(INPUT DATA)

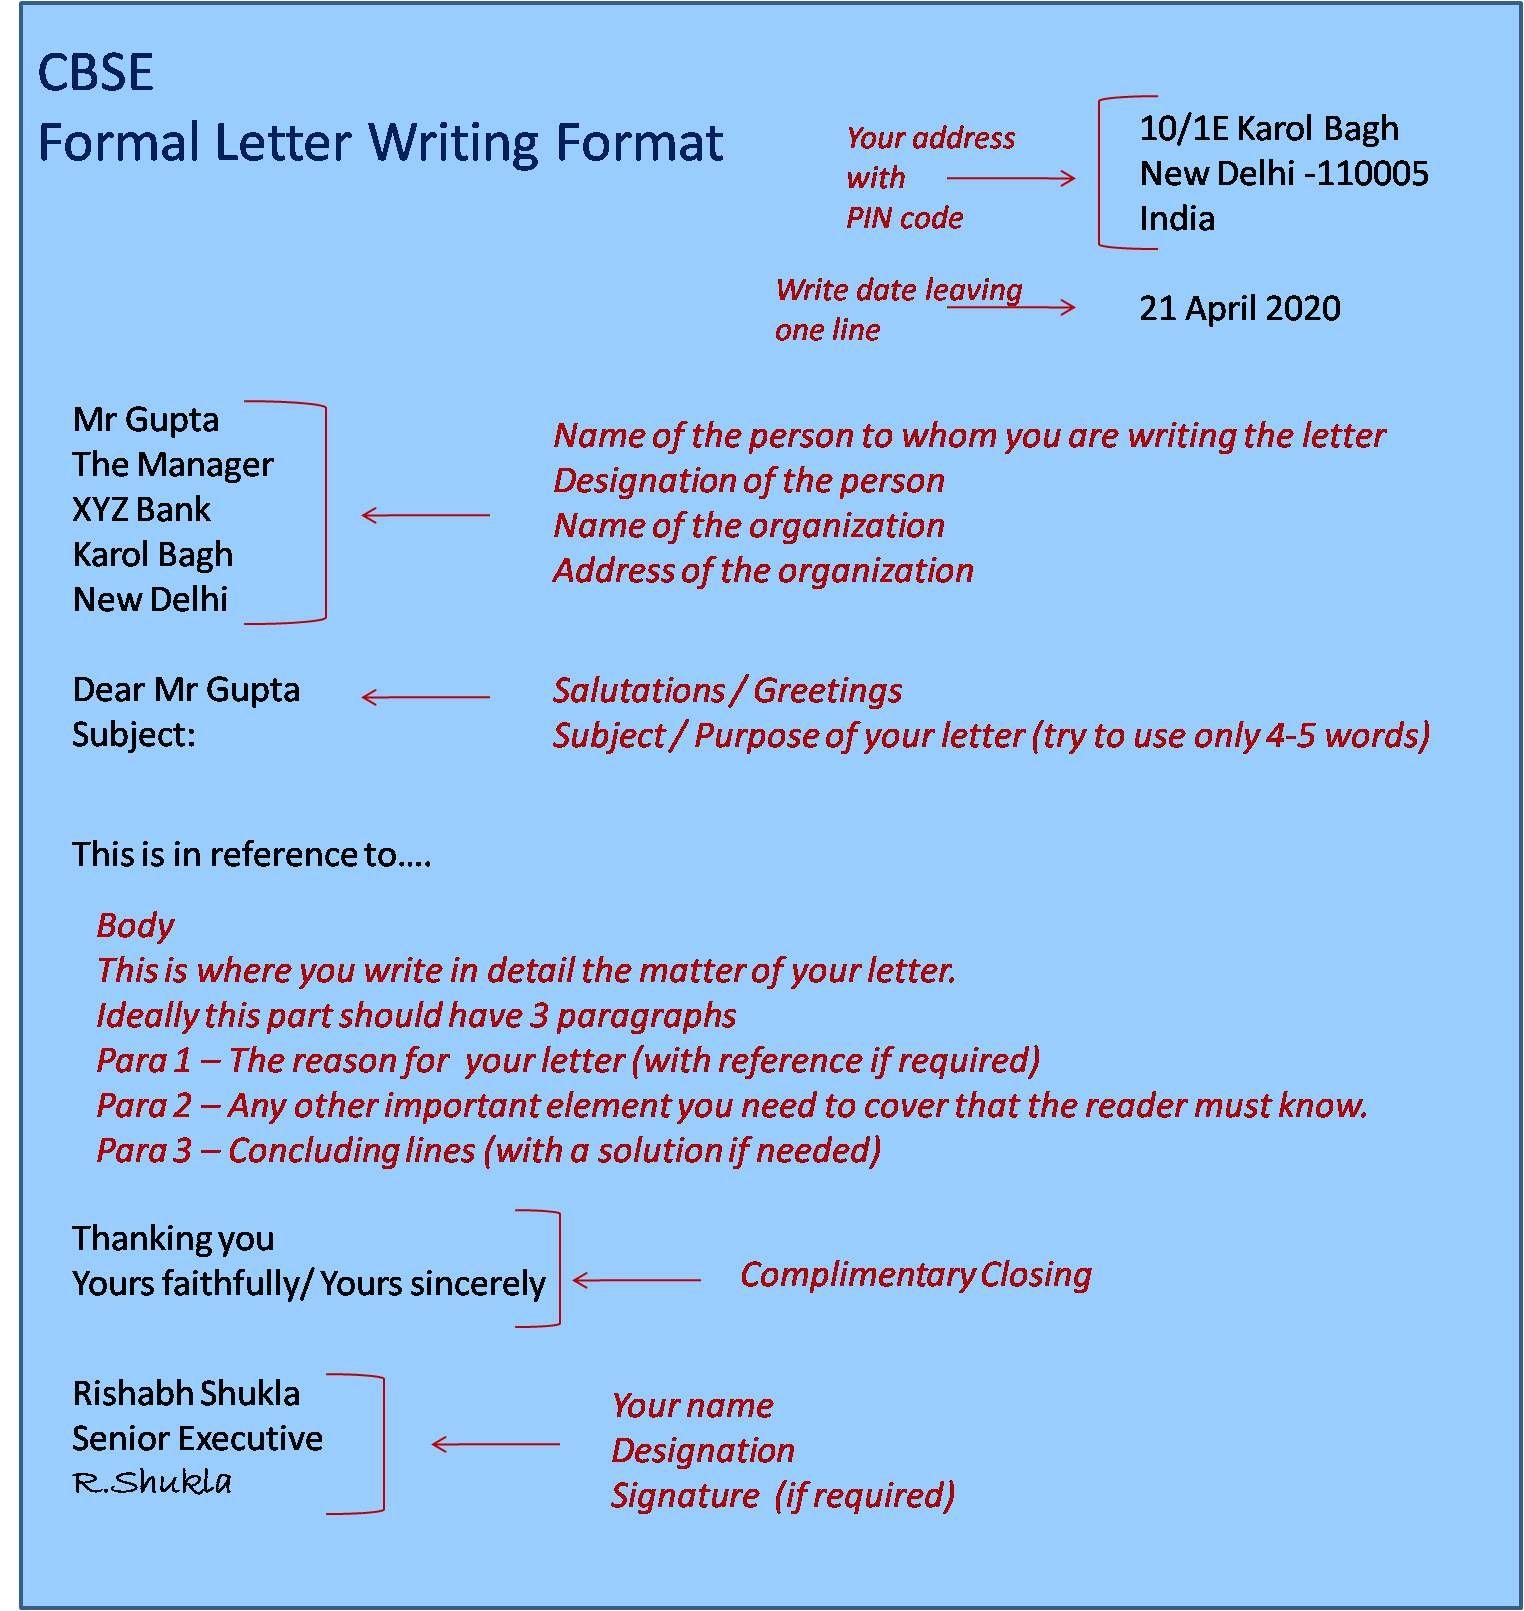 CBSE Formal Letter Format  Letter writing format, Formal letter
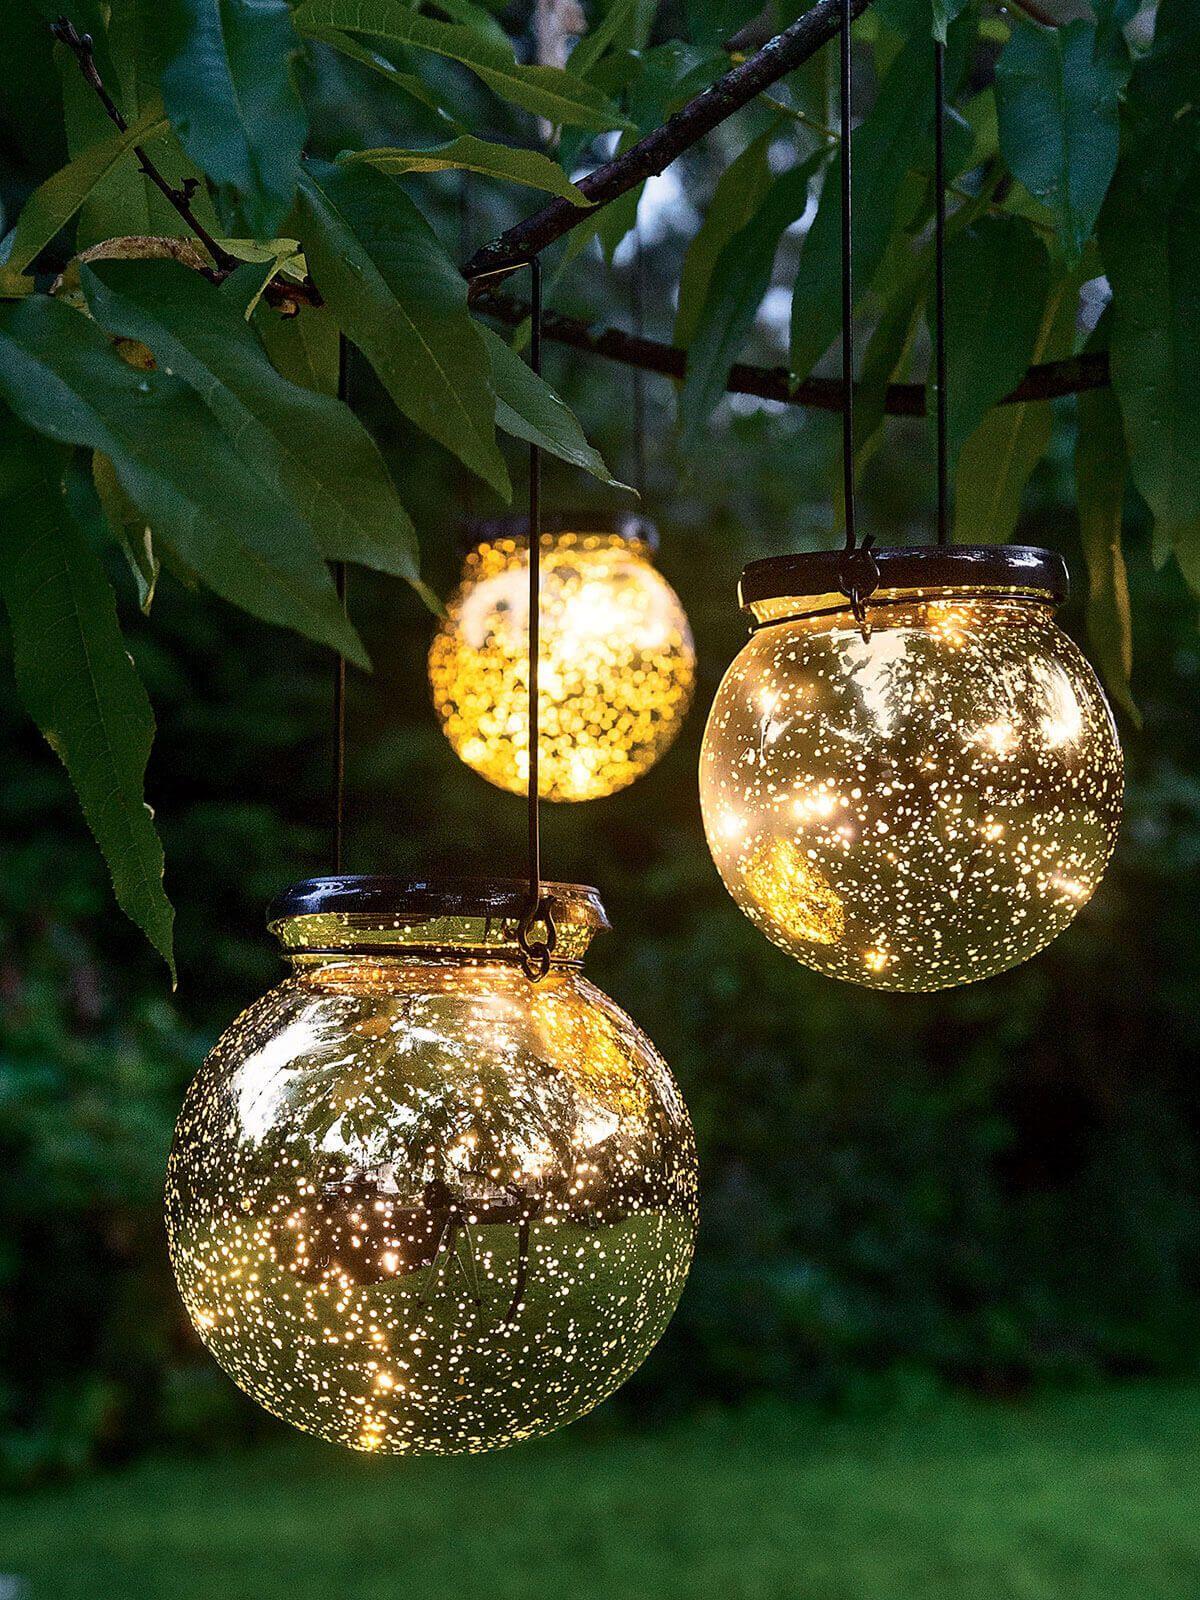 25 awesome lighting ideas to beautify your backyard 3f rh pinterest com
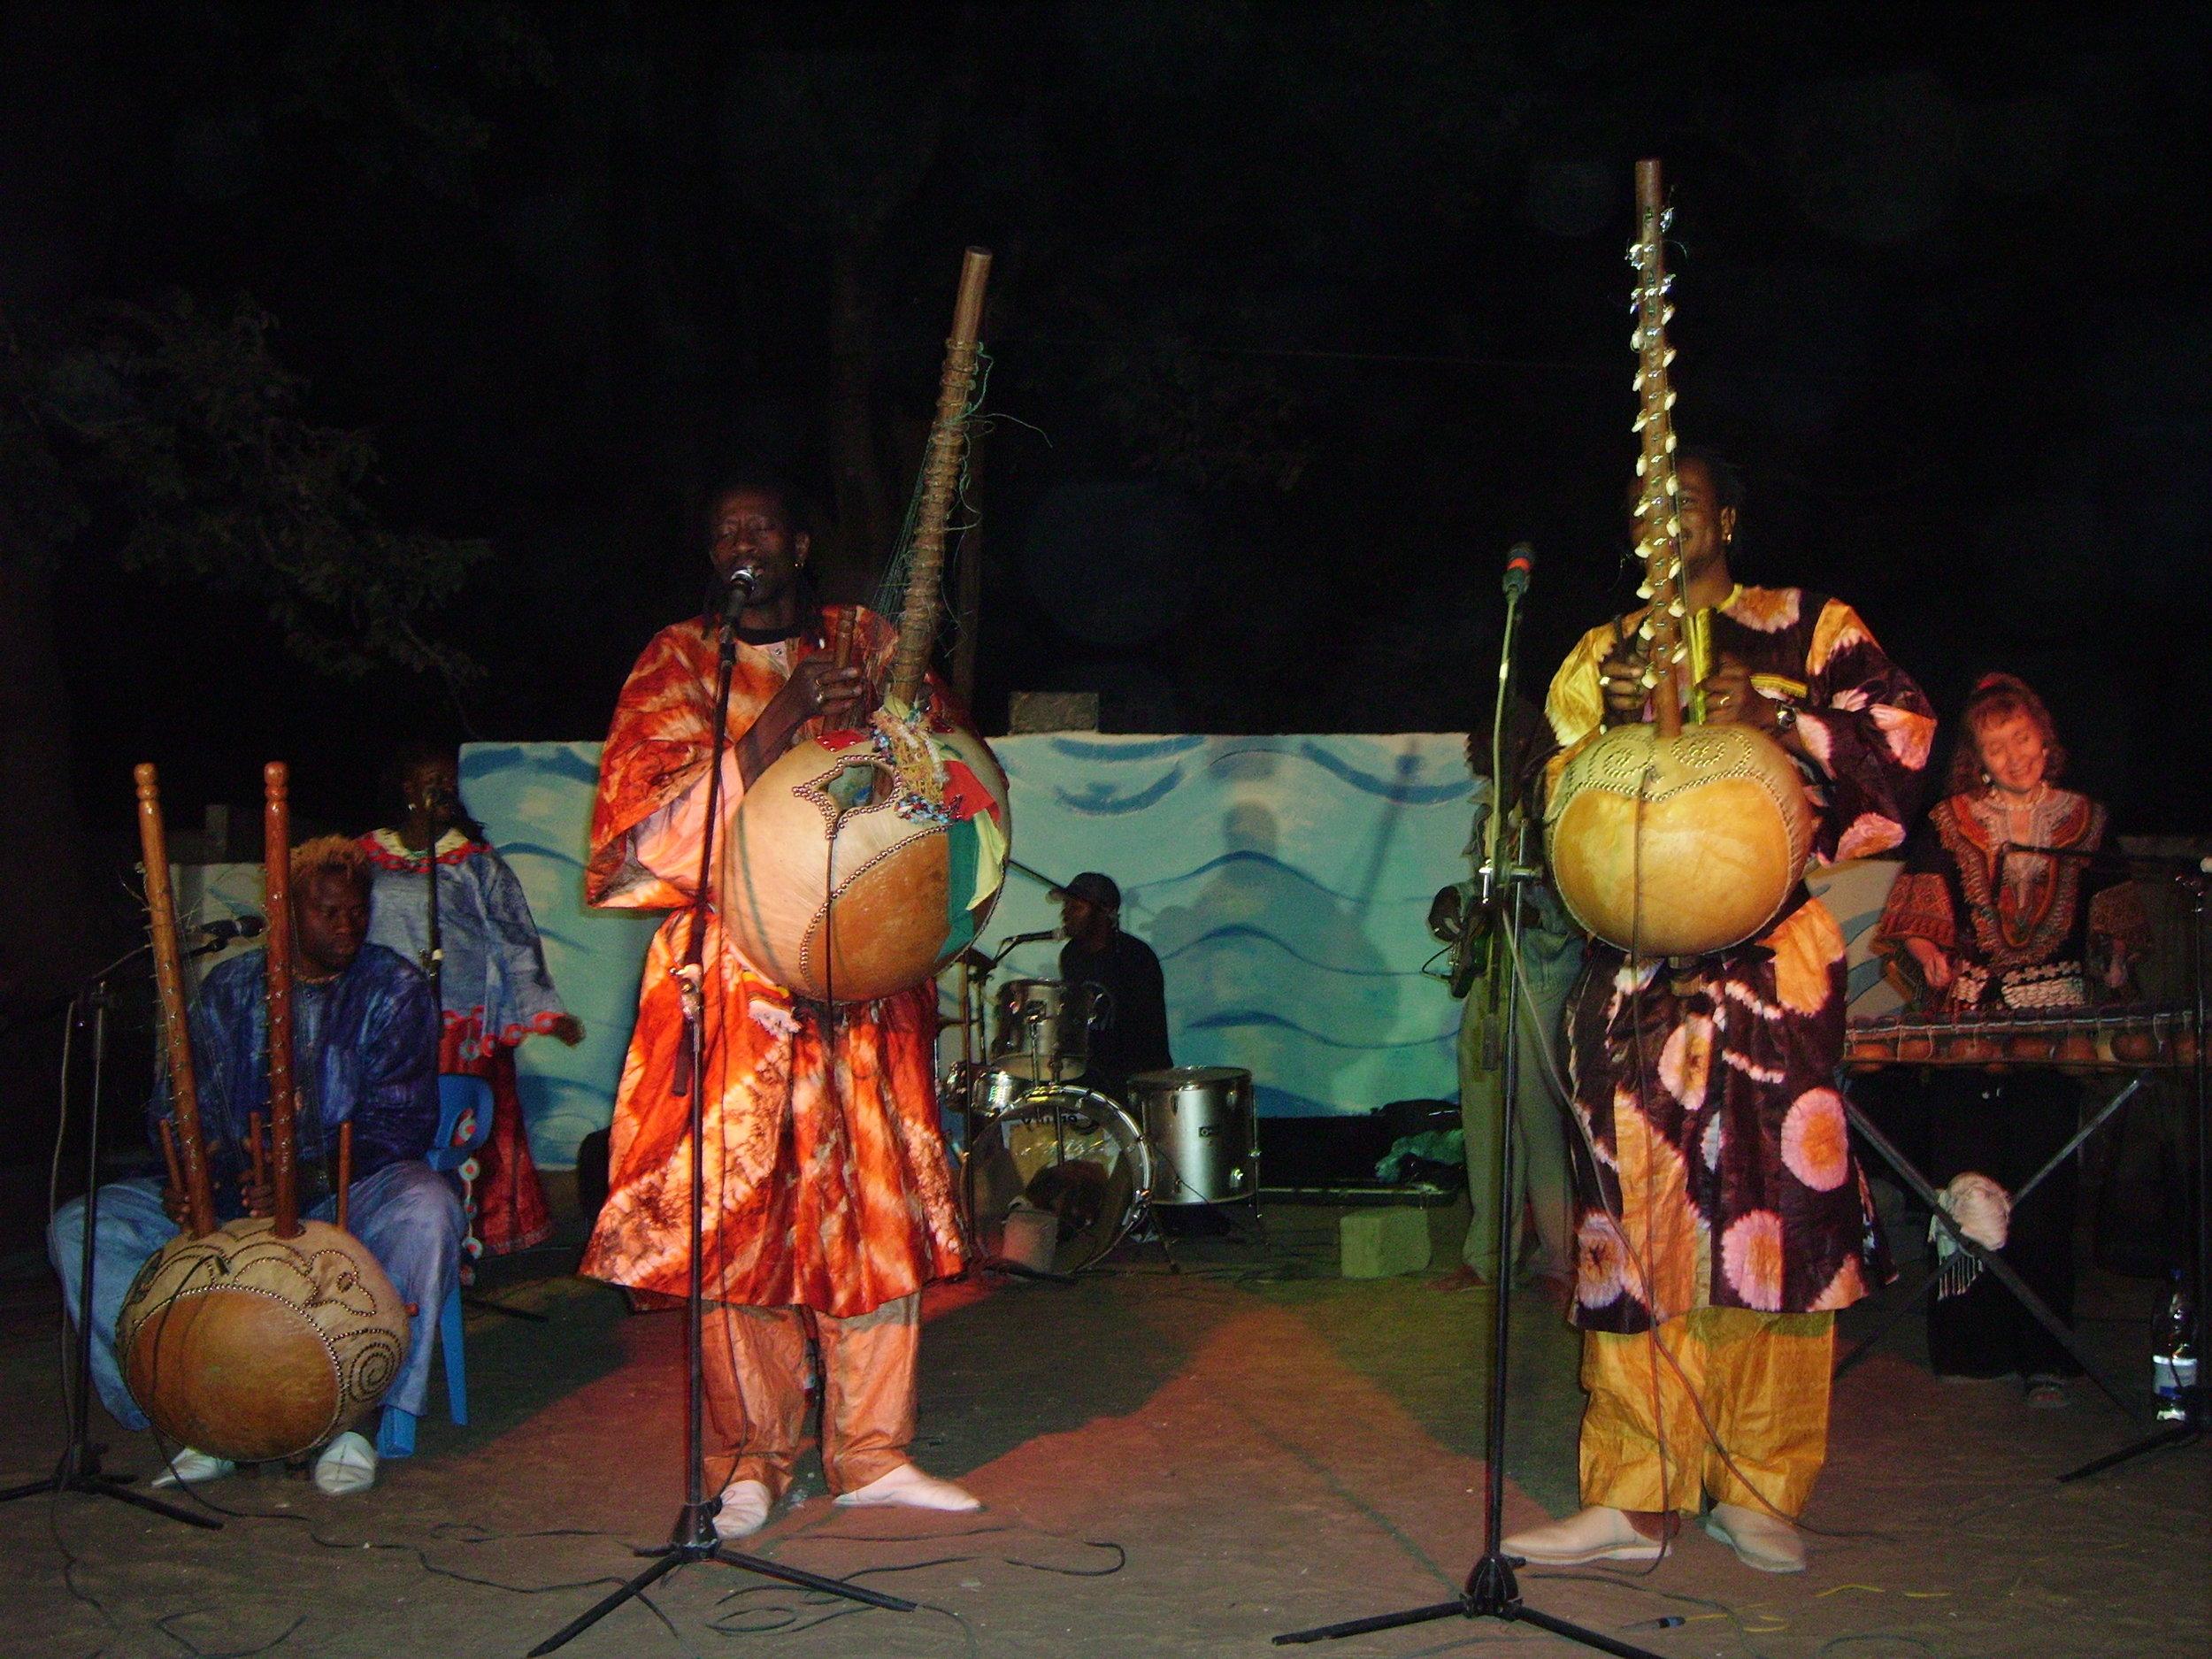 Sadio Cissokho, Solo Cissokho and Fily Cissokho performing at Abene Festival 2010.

(End INPUT DATA)

■ **THE TASK**
Give the data above again, exactly, with every picture removed.

■ **OUTPUT FOR THIS EXERCISE**
 CBSE Formal Letter Format  Letter writing format, Formal letter
 25 awesome lighting ideas to beautify your backyard 3f rh pinterest com
 Sadio Cissokho, Solo Cissokho and Fily Cissokho performing at Abene Festival 2010.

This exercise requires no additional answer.